=== Data ===
● ● ● ● ● ● ●

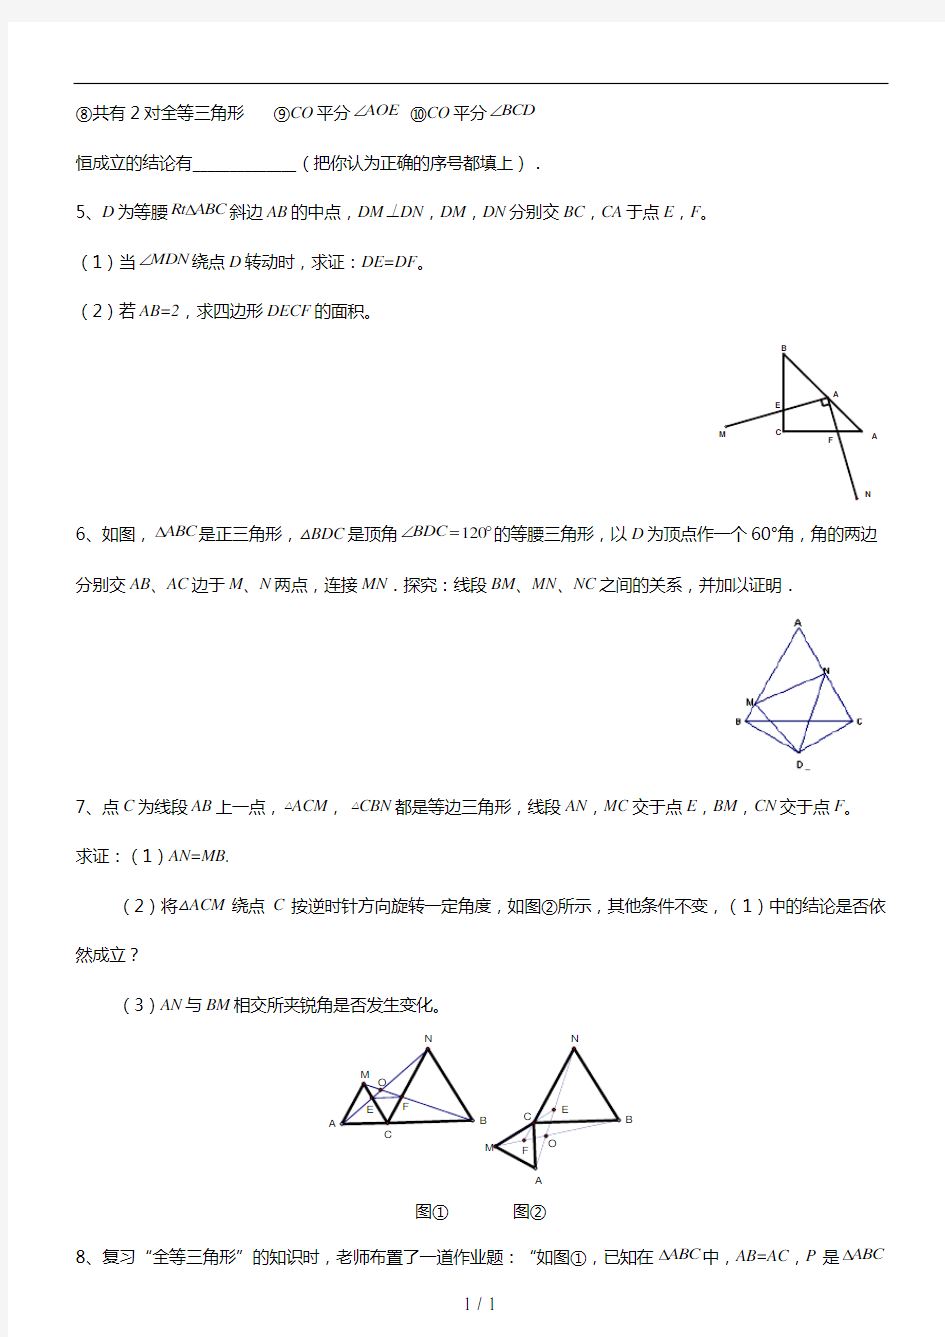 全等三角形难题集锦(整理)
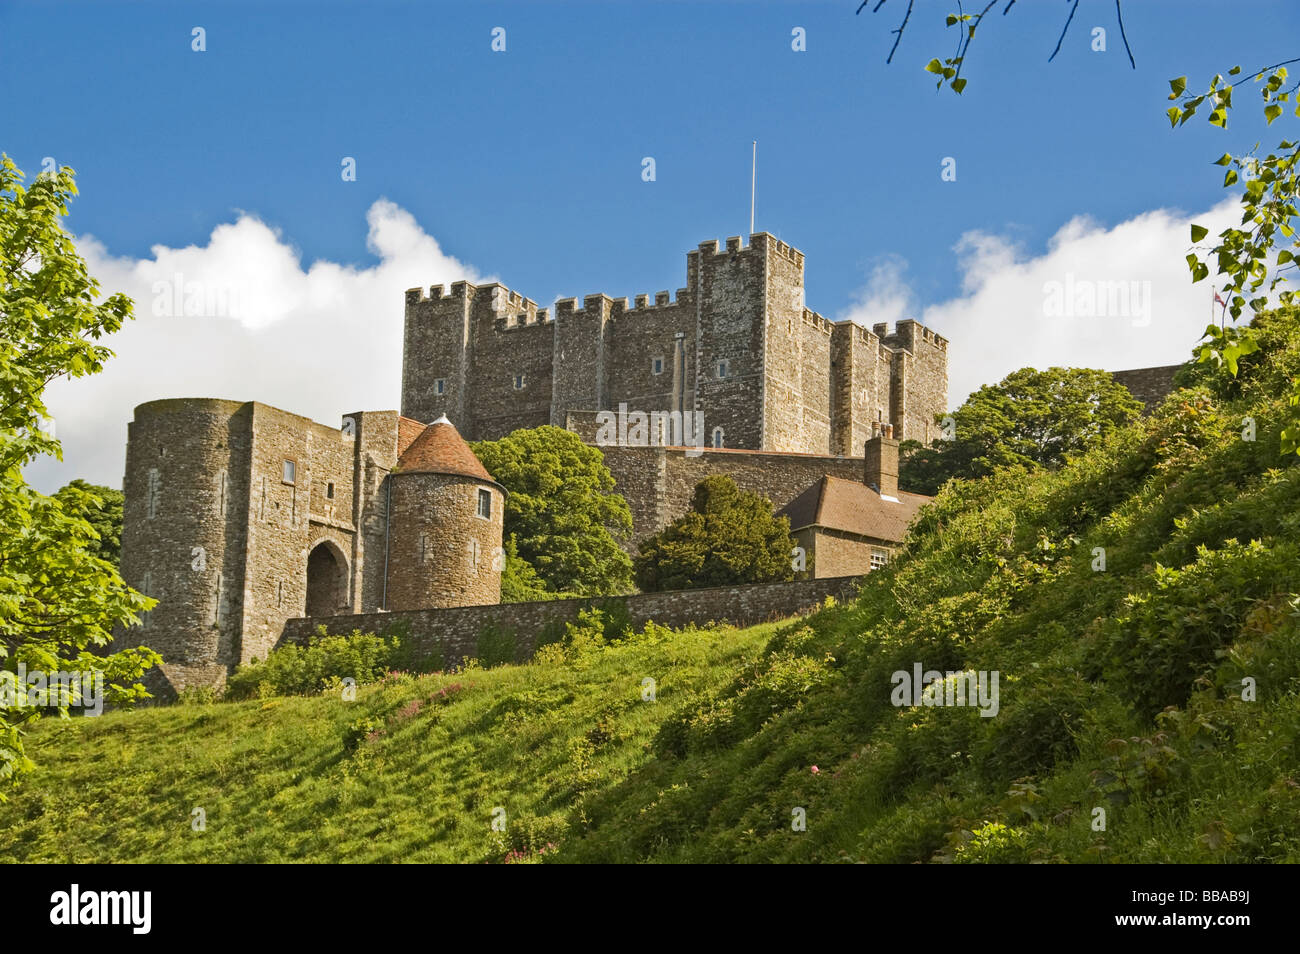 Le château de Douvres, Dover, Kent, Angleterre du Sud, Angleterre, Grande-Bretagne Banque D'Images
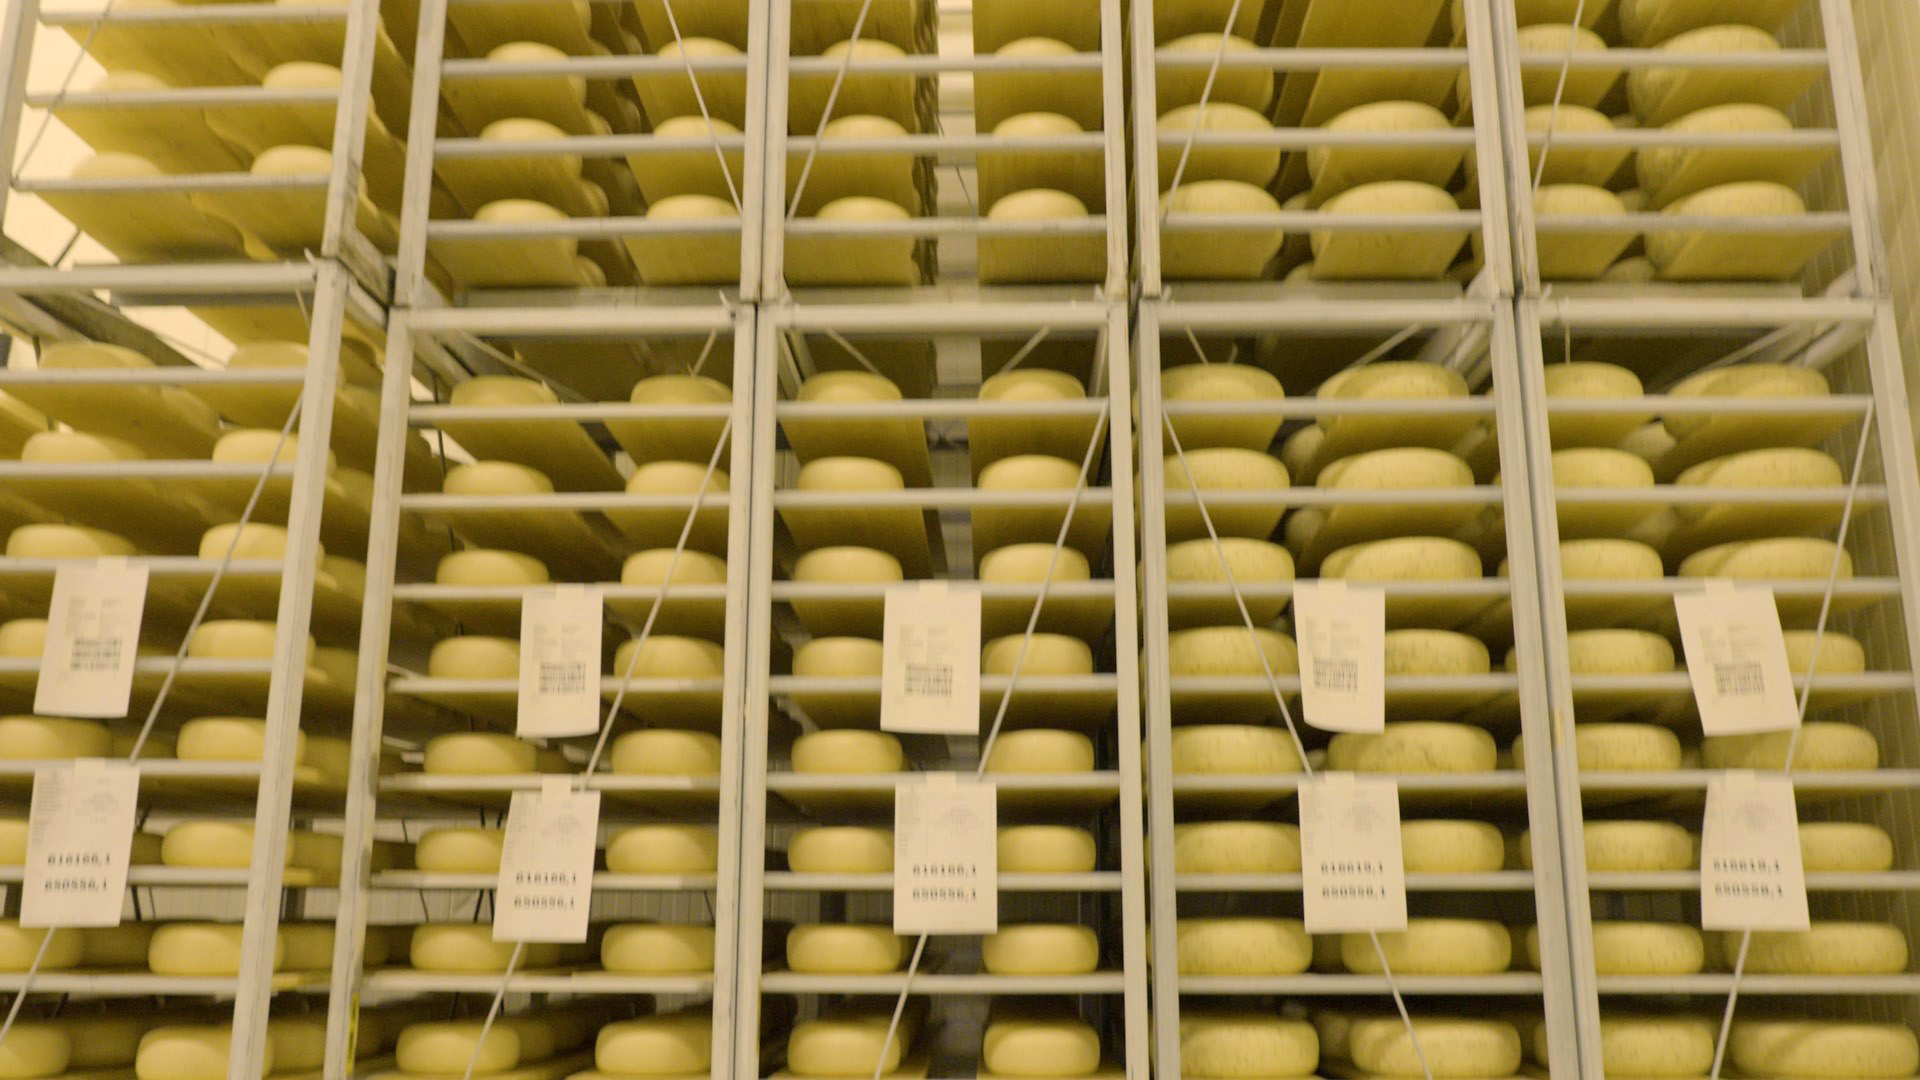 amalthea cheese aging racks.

● ● ● ● ● ● ●

=== Work item ===
Only the text of the listing should be returned, exactly and in full; no image goes into the copy.

=== Result of this exercise ===
 全等三角形难题集锦(整理)
 Le château de Douvres, Dover, Kent, Angleterre du Sud, Angleterre, Grande-Bretagne Banque D'Images
 amalthea cheese aging racks.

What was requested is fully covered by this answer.